Chic de ville is the seventh studio album by Canadian rock musician Daniel Bélanger, released March 5, 2013 on Audiogram. Inspired in part by his experience composing a theatrical score for a 2010 production of Michel Tremblay's play Les Belles-sœurs, on Chic de ville Bélanger explores elements of country music and rockabilly.

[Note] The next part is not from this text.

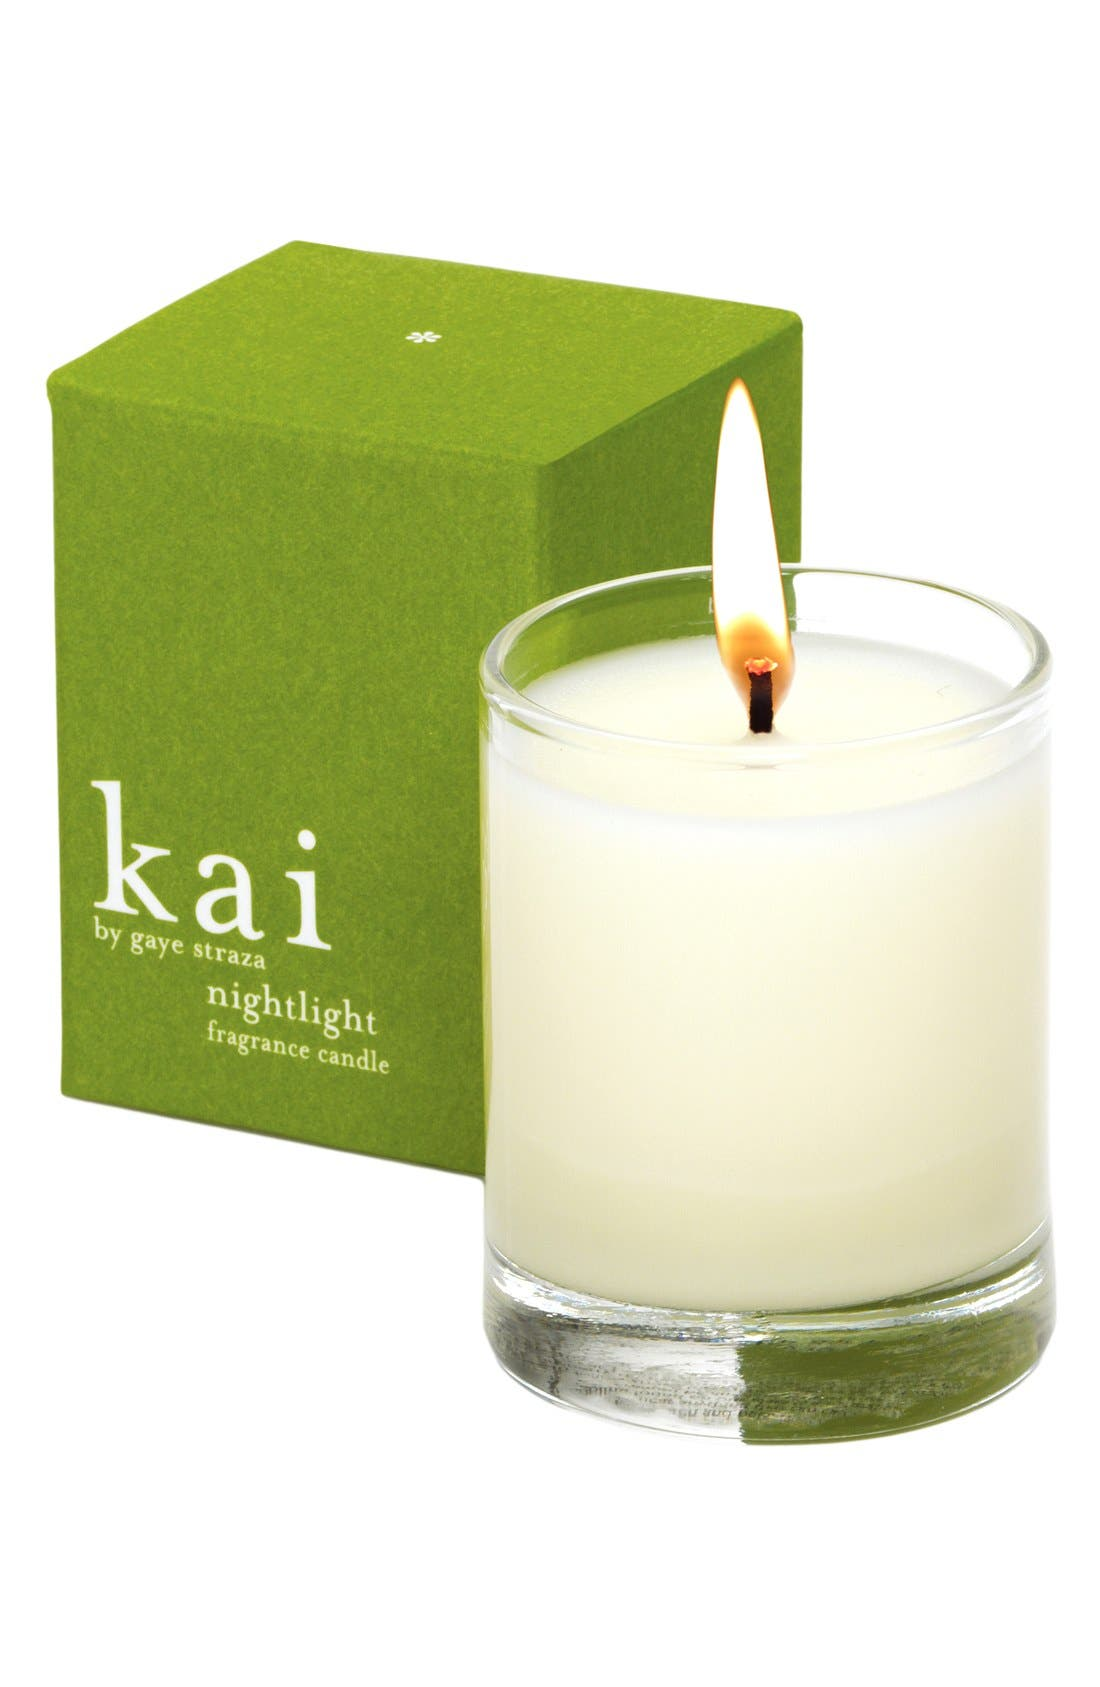 kai 'Nightlight' Fragrance Candle

The album debuted at #2 on the Canadian Albums Chart. Most of the album was previewed on CBC Radio's À Propos, a program devoted to exposing French-language music from Quebec to a Canada-wide audience, on the weekend of March 2 and 3, 2013.

==Track listing==
1. "Ouverture" (0:31)
2. "Chacun pour soi" (5:48)
3. "Sa félinité" (2:50)
4. "Béatitude" (3:39)
5. "Avec mes amis" (2:28)
6. "L'Aube" (3:08)
7. "Auprès de toi" (2:59)
8. "Le temps est charognard" (2:52)
9. "Domino" (2:41)
10. "Je t'aime comme tu es" (3:11)
11. "Je poursuis mon bonheur" (2:29)
12. "Traverse-moi" (3:50)
13. "Le Cœur en mille morceaux" (2:19)
14. "Pour être heureux" (2:26)
15. "Rapport d'accident survenu le 26" (4:14)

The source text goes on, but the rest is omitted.